HOW TO COMPLETE THIS TASK: Nothing but the lines from the one containing "Pipa Bella Gold-Plated Snake" through the last line of the data below should be returned, each exactly as it stands, pictures excluded.

(Data excerpts)
▼
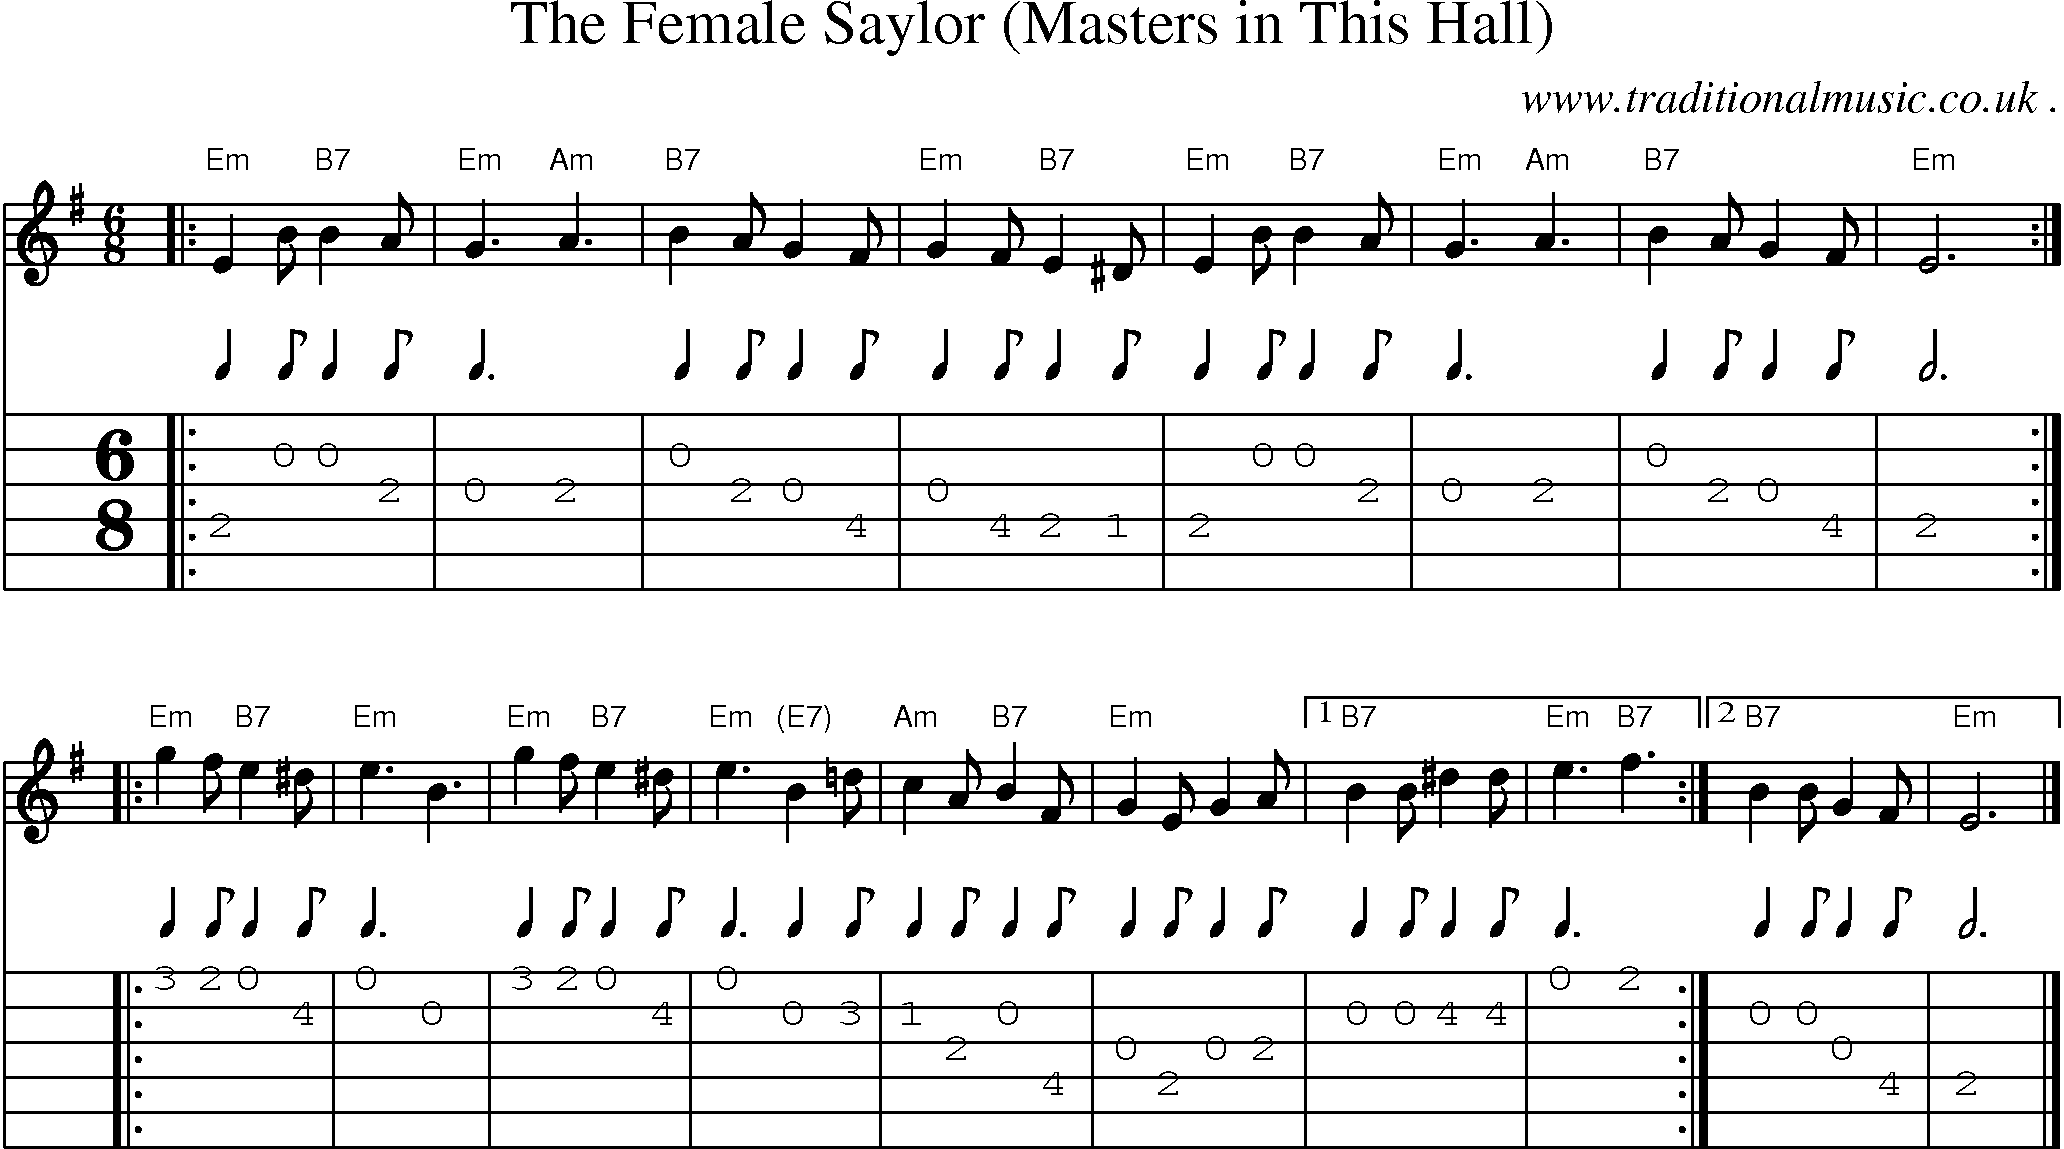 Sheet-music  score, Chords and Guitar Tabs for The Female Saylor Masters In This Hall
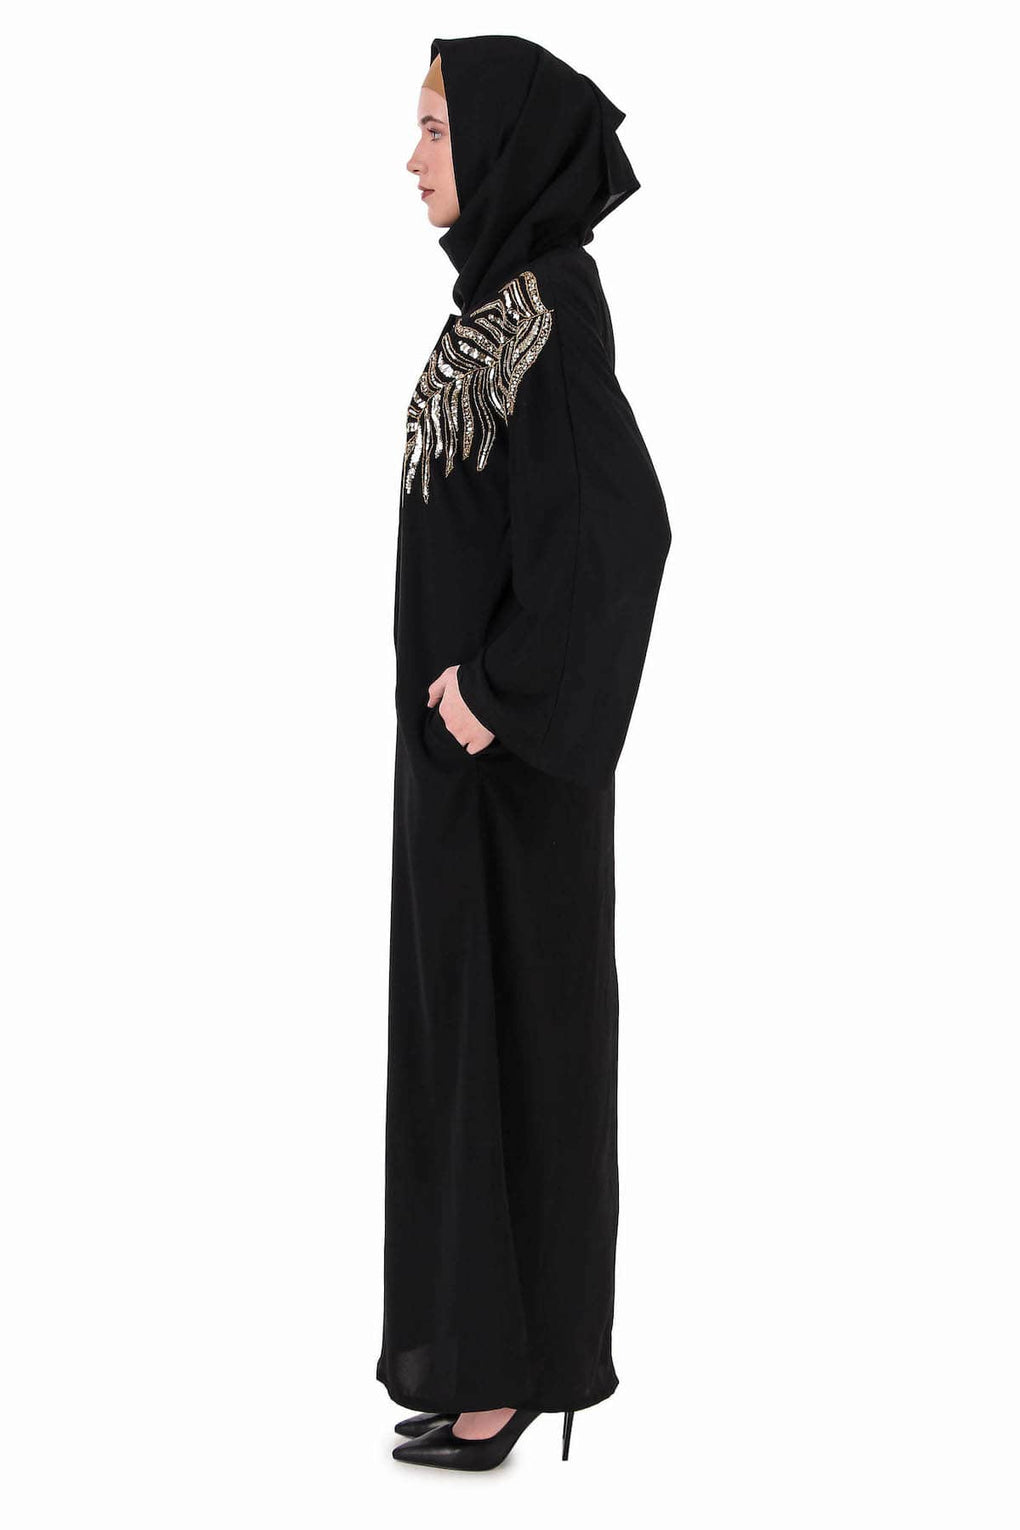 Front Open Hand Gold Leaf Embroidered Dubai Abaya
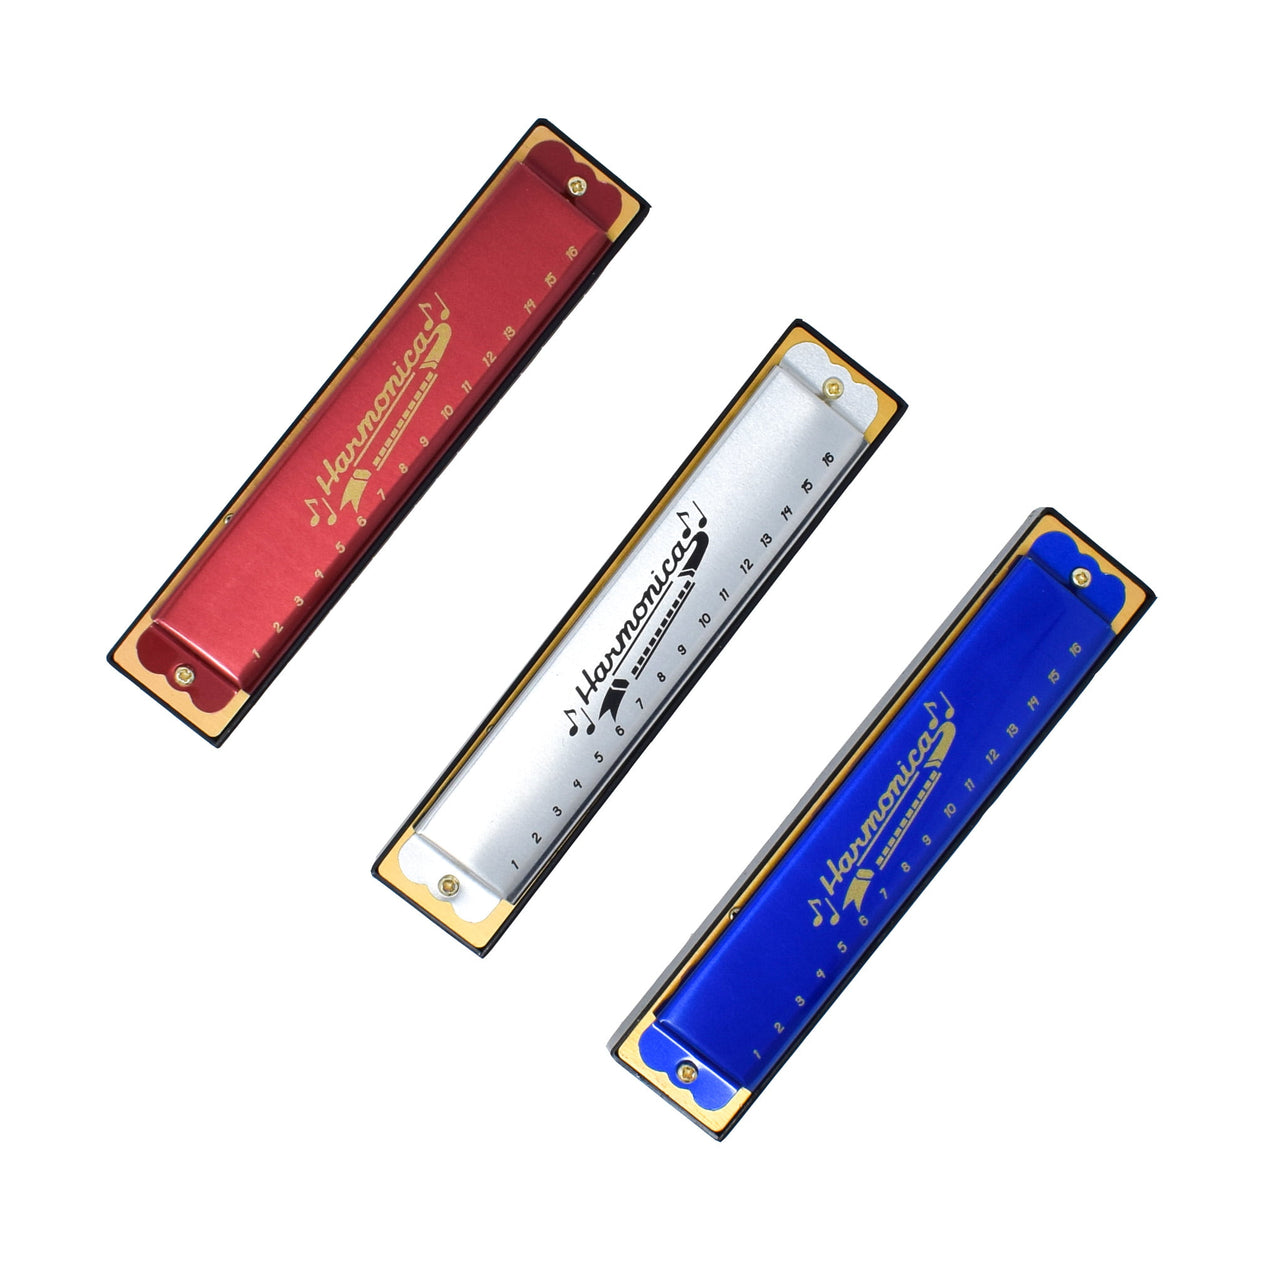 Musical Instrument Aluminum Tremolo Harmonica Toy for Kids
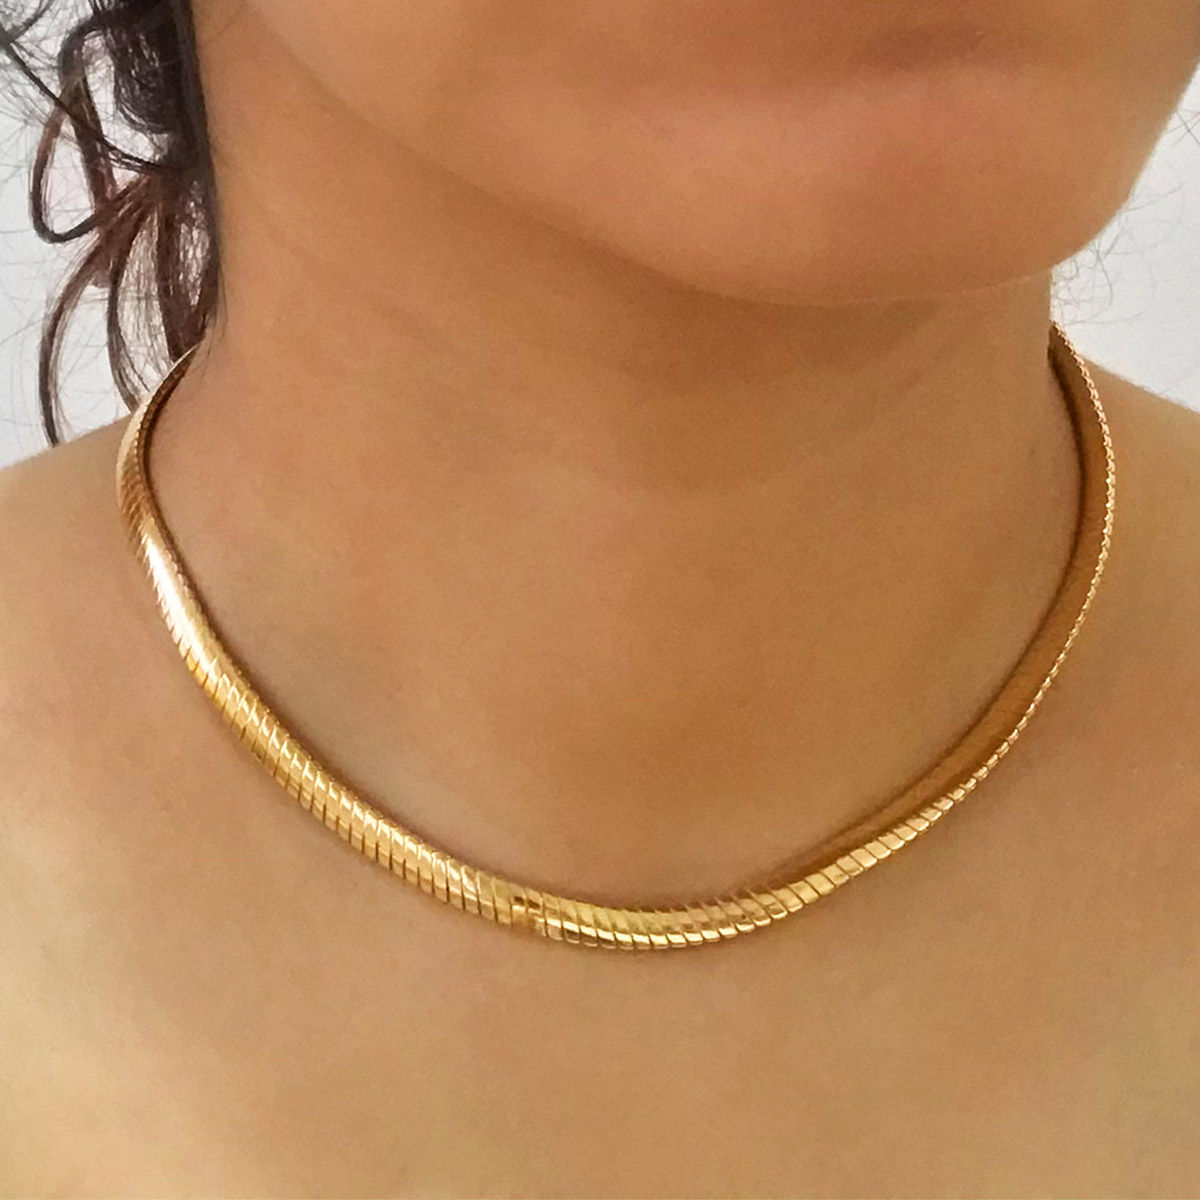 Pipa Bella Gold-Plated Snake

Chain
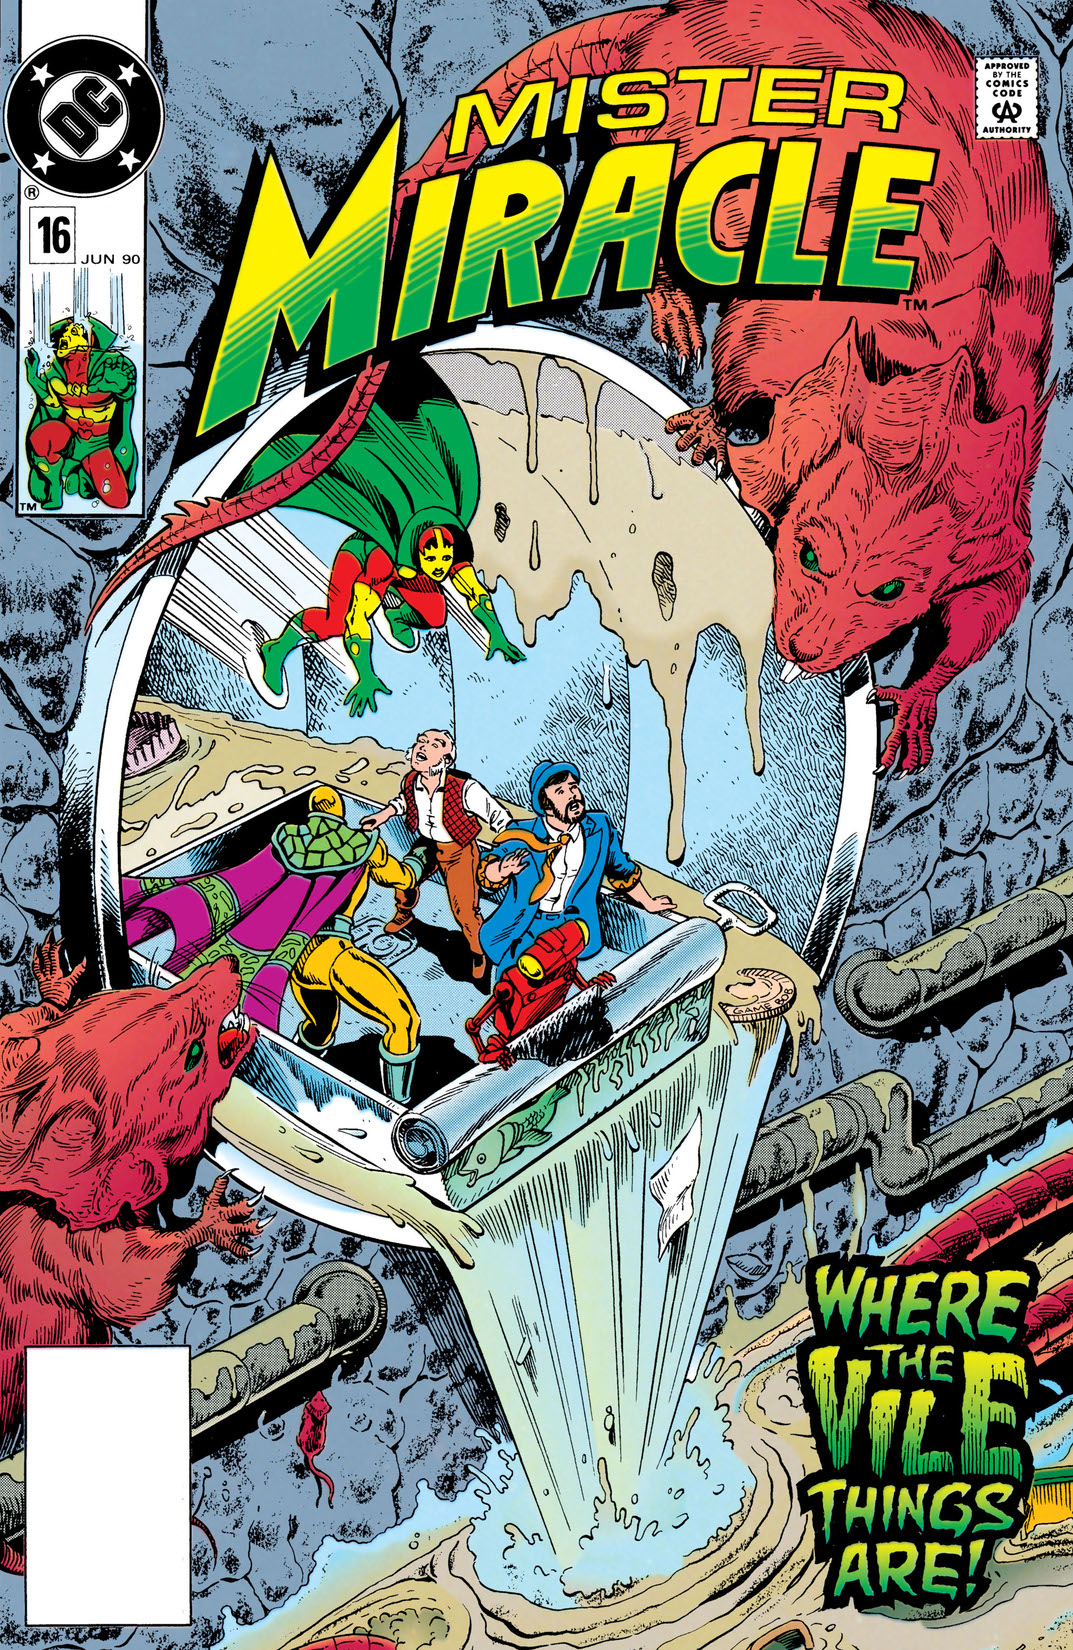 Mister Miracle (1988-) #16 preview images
▲
WRITTEN SOLUTION:
 Pipa Bella Gold-Plated Snake

Chain
 Mister Miracle (1988-) #16 preview images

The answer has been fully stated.